The general boost matrix is
$${\displaystyle B({\boldsymbol {\zeta }})=e^{-{\boldsymbol {\zeta }}\cdot \mathbf {K} }}$$
where $K = (K_x, K_y, K_z)$ is a vector of matrices with components
$${\displaystyle K_{x}={\begin{bmatrix}0&1&0&0\\1&0&0&0\\0&0&0&0\\0&0&0&0\\\end{bmatrix}}\,,\quad K_{y}={\begin{bmatrix}0&0&1&0\\0&0&0&0\\1&0&0&0\\0&0&0&0\end{bmatrix}}\,,\quad K_{z}={\begin{bmatrix}0&0&0&1\\0&0&0&0\\0&0&0&0\\1&0&0&0\end{bmatrix}}}$$
and expanding the exponential in a Taylor series reveals a hyperbolic analogue of Rodrigues' rotation formula,
$${\displaystyle B({\boldsymbol {\zeta }})=I-\sinh \zeta (\mathbf {n} \cdot \mathbf {K} )+(\cosh \zeta -1)(\mathbf {n} \cdot \mathbf {K} )^{2}}$$
which reproduces the boost matrix after converting the rapidity back to relative velocity. Similarly the general rotation matrix is
$${\displaystyle R({\boldsymbol {\theta }})=e^{{\boldsymbol {\theta }}\cdot \mathbf {J} }}$$
where $J = (J_x, J_y, J_z)$ and
$${\displaystyle J_{x}={\begin{bmatrix}0&0&0&0\\0&0&0&0\\0&0&0&-1\\0&0&1&0\\\end{bmatrix}}\,,\quad J_{y}={\begin{bmatrix}0&0&0&0\\0&0&0&1\\0&0&0&0\\0&-1&0&0\end{bmatrix}}\,,\quad J_{z}={\begin{bmatrix}0&0&0&0\\0&0&-1&0\\0&1&0&0\\0&0&0&0\end{bmatrix}}}$$
and Taylor expanding the exponential reveals the actual Rodrigues' rotation formula
$${\displaystyle R({\boldsymbol {\theta }})=I+\sin \theta (\mathbf {e} \cdot \mathbf {J} )+(1-\cos \theta )(\mathbf {e} \cdot \mathbf {J} )^{2}\,.}$$
The axis-angle vector θ and rapidity vector ζ are altogether six continuous variables which make up the group parameters (in this particular representation), and J and K are the corresponding six generators of the group. Physically, the generators of the Lorentz group correspond to important symmetries in spacetime: J are the rotation generators which correspond to angular momentum, and K are the boost generators which correspond to the motion of the system in spacetime.

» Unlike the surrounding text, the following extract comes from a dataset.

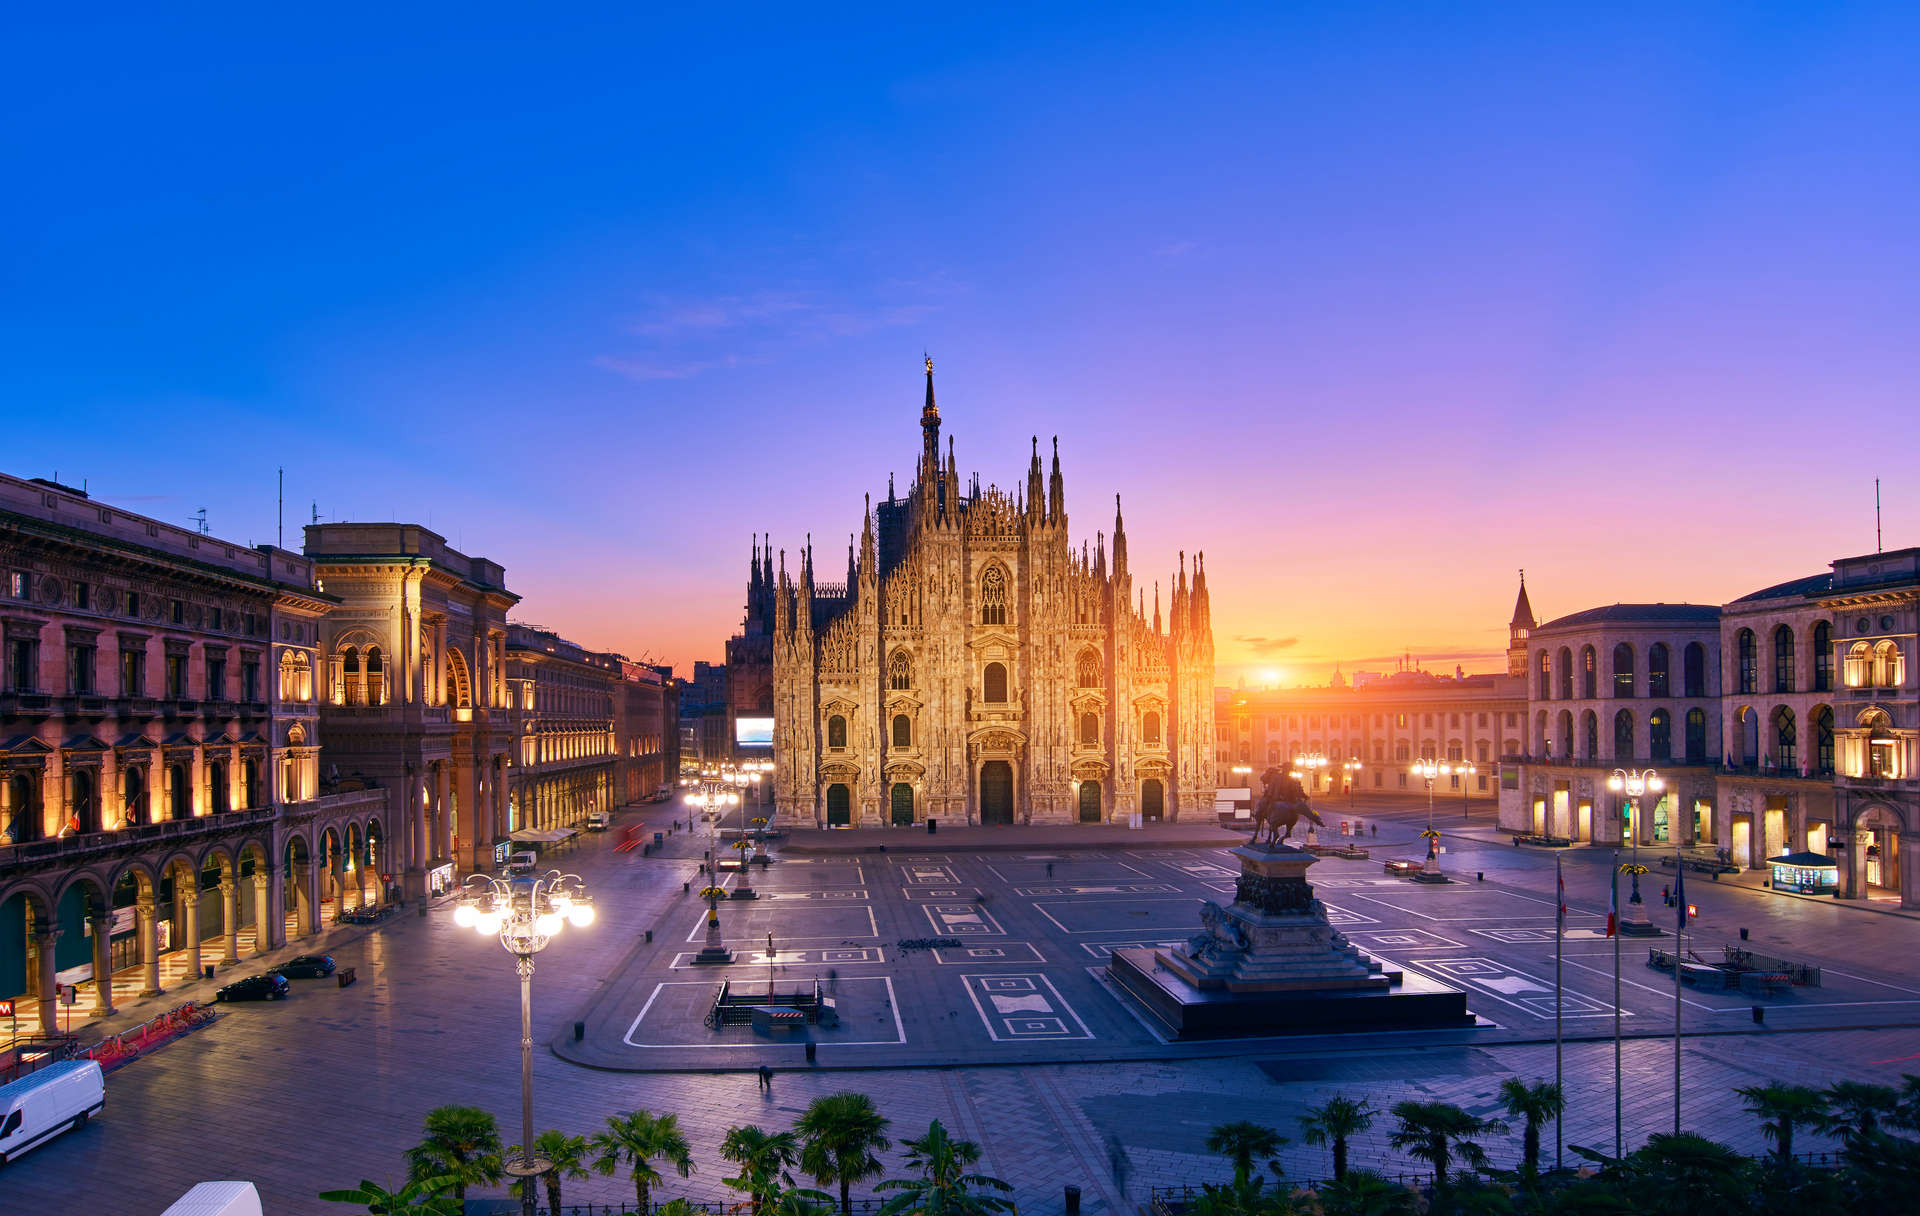 Milan's Duomo cathedral

The derivative of any smooth curve $A(t)$ with $A(0) = I$ in the group depending on some group parameter t with respect to that group parameter, evaluated at t = 0, serves as a definition of a corresponding group generator $X$, and this reflects an infinitesimal transformation away from the identity. The smooth curve can always be taken as an exponential as the exponential will always map $X$ smoothly back into the group via t → exp(tX) for all t; this curve will yield $X$ again when differentiated at t = 0.
Three of the commutation relations of the Lorentz generators are
$${\displaystyle {\begin{aligned}\lbrack J_{x},J_{y}\rbrack &=J_{z}\\\lbrack K_{x},K_{y}\rbrack &=-J_{z}\\\lbrack J_{x},K_{y}\rbrack &=K_{z}\end{aligned}}}$$
where the bracket $[A, B] = AB − BA$ is a binary operation known as the commutator, and the other relations can be found by taking cyclic permutations of $x, y, z$ components (i.e. change x to y, y to z, and z to x, repeat).